Lamb Chips with Gooseberry Ketchup 

  • Chef's August Recipe


For the Lamb Chips:

1 whole lamb belly, trimmed and left whole
1 carrot carrot finely chopped
1 bulb of garlic crushed
2 bay leaves
1 stick of celery, finely chopped
1 medium onion, finely chopped
A bunch of parsley, finely chopped
Sherry vinegar
2 pints of chicken stock
Freshly ground black pepper
5g of sea salt
Flour (enough to coat the lamb chips)
4 eggs
Breadcrumbs (again enough to coat the lamb chips)

For the Gooseberry Ketchup:

300g of fresh gooseberries
1 onion, chopped
250g caster sugar
200ml cider vinegar


For the Lamb Chips:

Place the lamb belly in a casserole dish with the onion, garlic, carrot, bay leaf and celery. Cook for roughly 4 hours at 120˚C until tender.

Allow the lamb to cool. If possible, add some weight to the lamb to flatten the belly into a nice even shape.
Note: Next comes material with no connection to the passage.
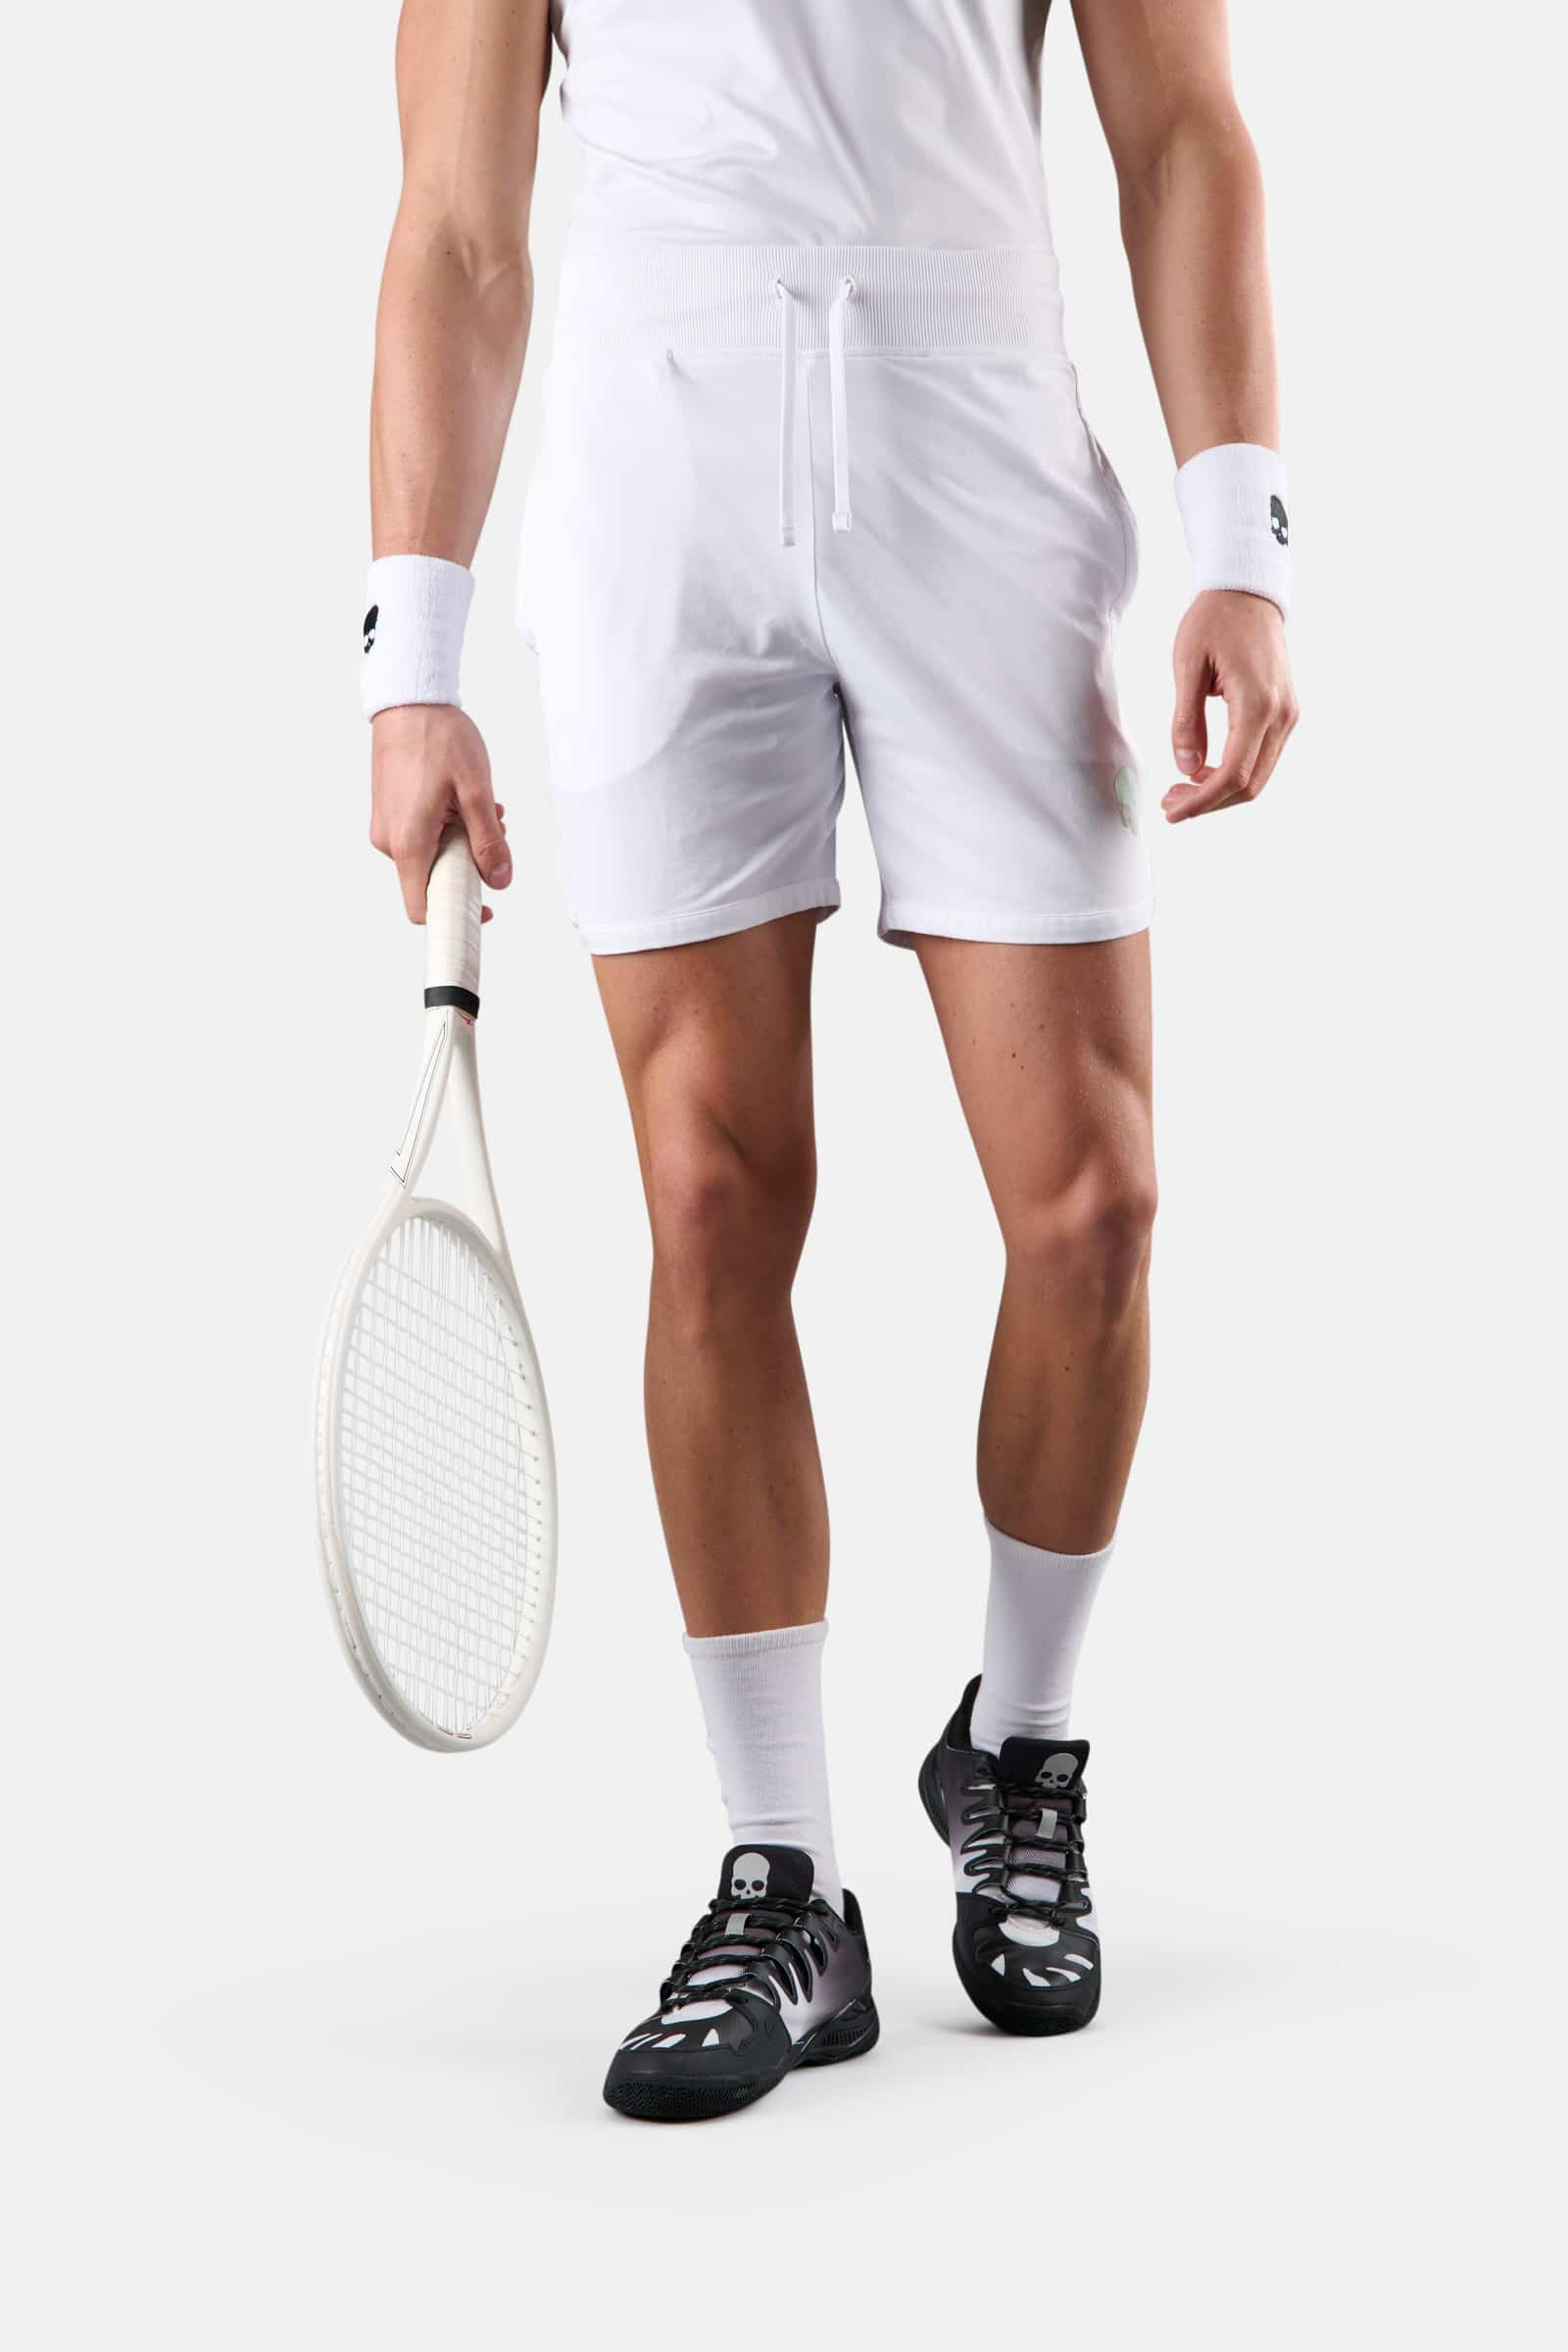 TECH SHORTS - WHITE - Hydrogen - Luxury Sportwear

Once the lamb has cooled, cut into 1 inch, chip shaped pieces

Now we need to coat the chips in breadcrumbs. For this you will need the flour, eggs and breadcrumbs in separate dishes, bowls or plastic ice creams containers will do.
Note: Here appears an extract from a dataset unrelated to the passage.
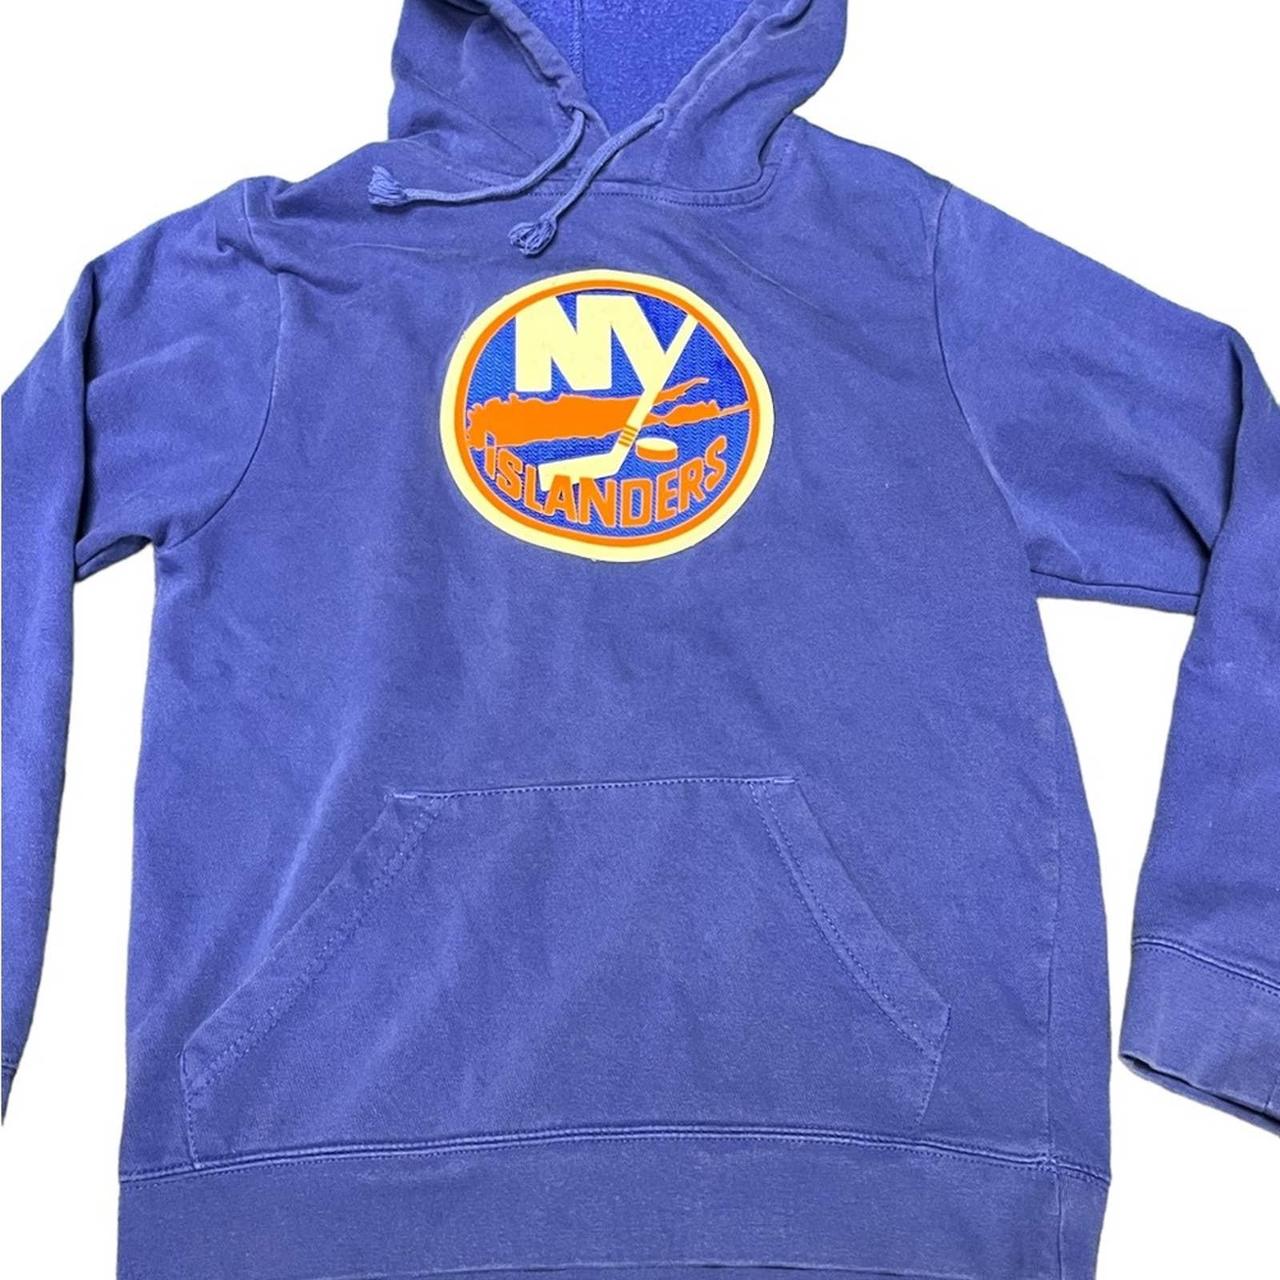 Vintage Majestic New York Islanders sweatshirt in - Depop

Season the breadcrumbs with salt and pepper. You could even add your own twist to the recipe by sprinkling in some of your favourite spices into the breadcrumbs. Cover the lamb in the flour, then eggs and breadcrumbs.

Place in the fridge until needed, these can be made a few days before hand. 

For the ketchup:

Place all ingredients in a heavy bottomed sauce pan and simmer until thick and jam like. Allow to cool and season with chopped mint if desired.